Lord Strange Examines a Premonition of Bad Things to Come
A toadfish washes up in Woolwich
and the river children march round –
poke its serrated tail with their broom stails.
Its gills, they say, are shaped
like the brittle hands of a man;
its voice the uneasy squeal of a mouldy old witch.
Lord Strange is called upon –
dispatched from Derby - with a troop
of armed and honest men.
He is a diviner of premonitions, an augur of fish –
a cold cleave, a base-tapper, a man
of temperate aristocratic blood.
The troop rides through counties
all ashiver with civil war.

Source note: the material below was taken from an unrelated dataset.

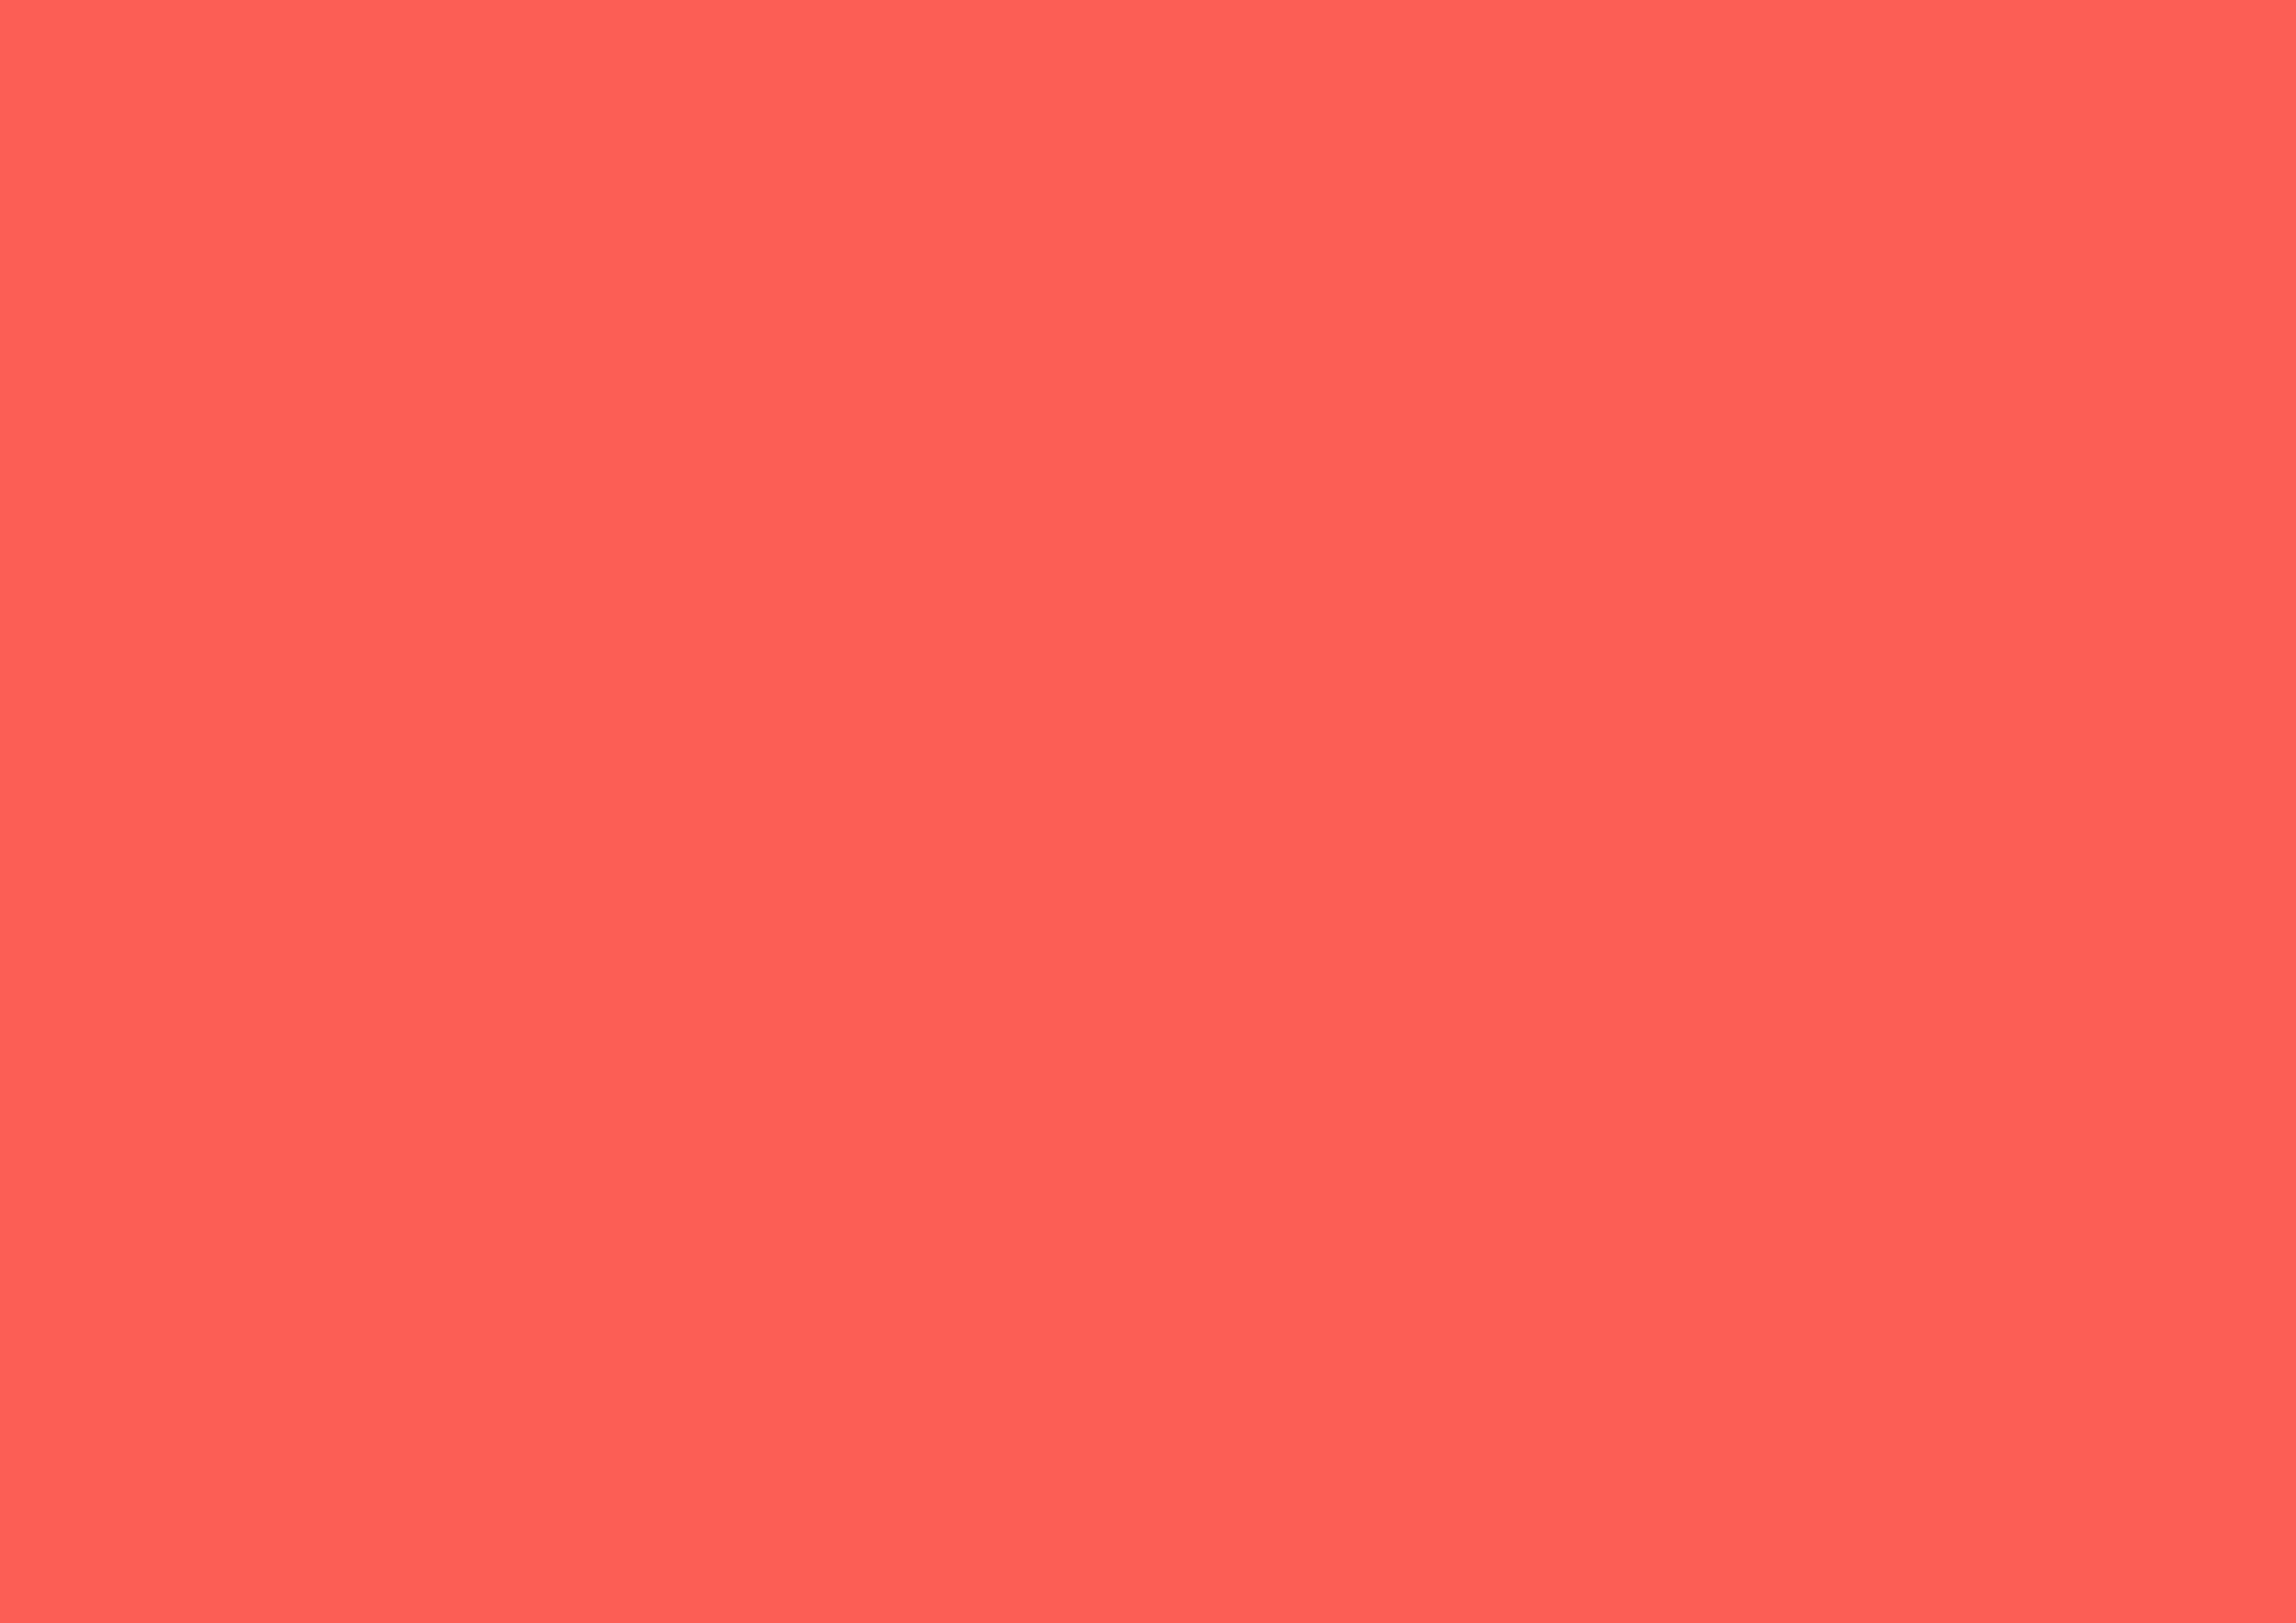 3508x2480 Sunset Orange Solid Color Background

In Oxford
they make merry
with cully-rumping and good ale.
In Reading they shoot a farmer
who refuses to bow down.
Woolwich, they all agree, is a slewer of shit.

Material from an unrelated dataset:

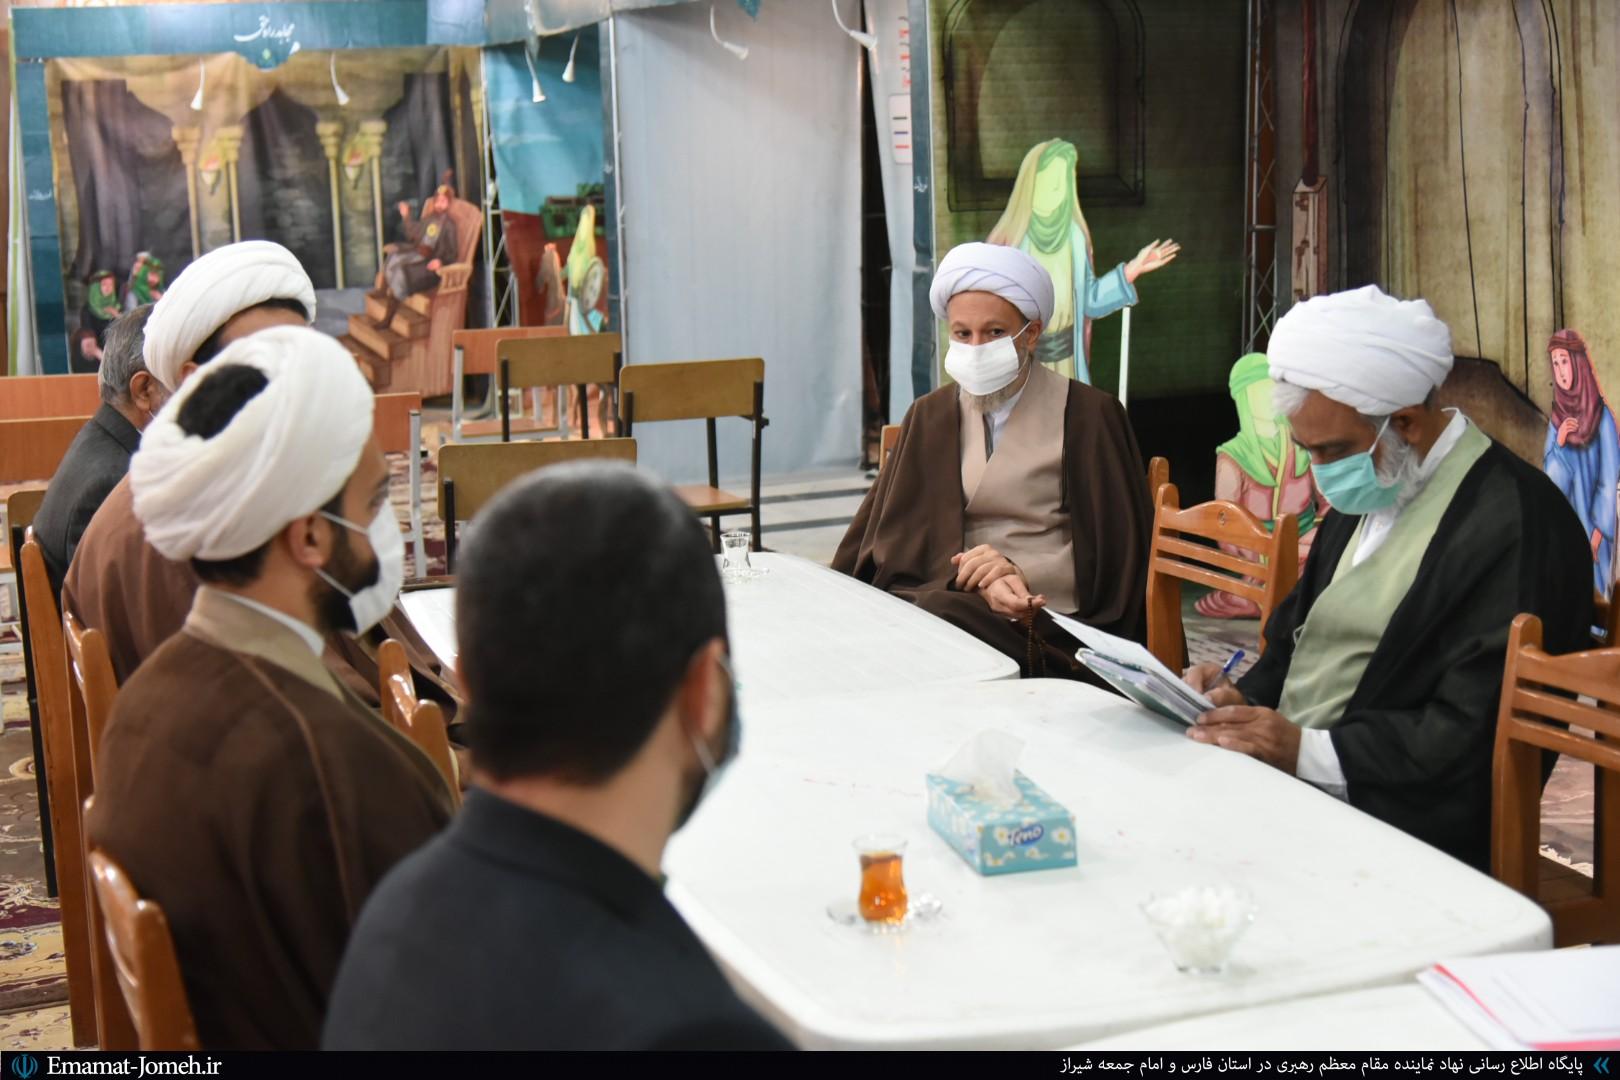 لزوم برنامهریزی جدی در استان برای خروج قرآن از مهجوریت

The toadfish still lives – it flaps on the wharf.
Its rubbery lips pucker, its fins twist and twirl.
It speaks: “Ach! Ach! Ach!”
Crowds gather round the noisome pit.
Older women swoon.
A girl unburdens herself of the ghost child
in her delicate bed of love.
Lord Strange cannot bear the stench,
demands a nosegay and a veil if he’s
to drive the devil out.
The children titter as the toadfish’s throat is cut,
its gloopy head kicked
to the marshland beyond.
Only one person declares that all life is precious,
that in the eyes of God a toadfish
is a premonition of bad things to come.
She is shouted down – marked
as a mardy-bag, beaten with a stick,
sent well on her way.
Lord Strange raises his standard; a victualer taps a barrel.
A cheer goes up and a curse is well-spent
upon Fairfax, Cromwell, Prynne and all the rest.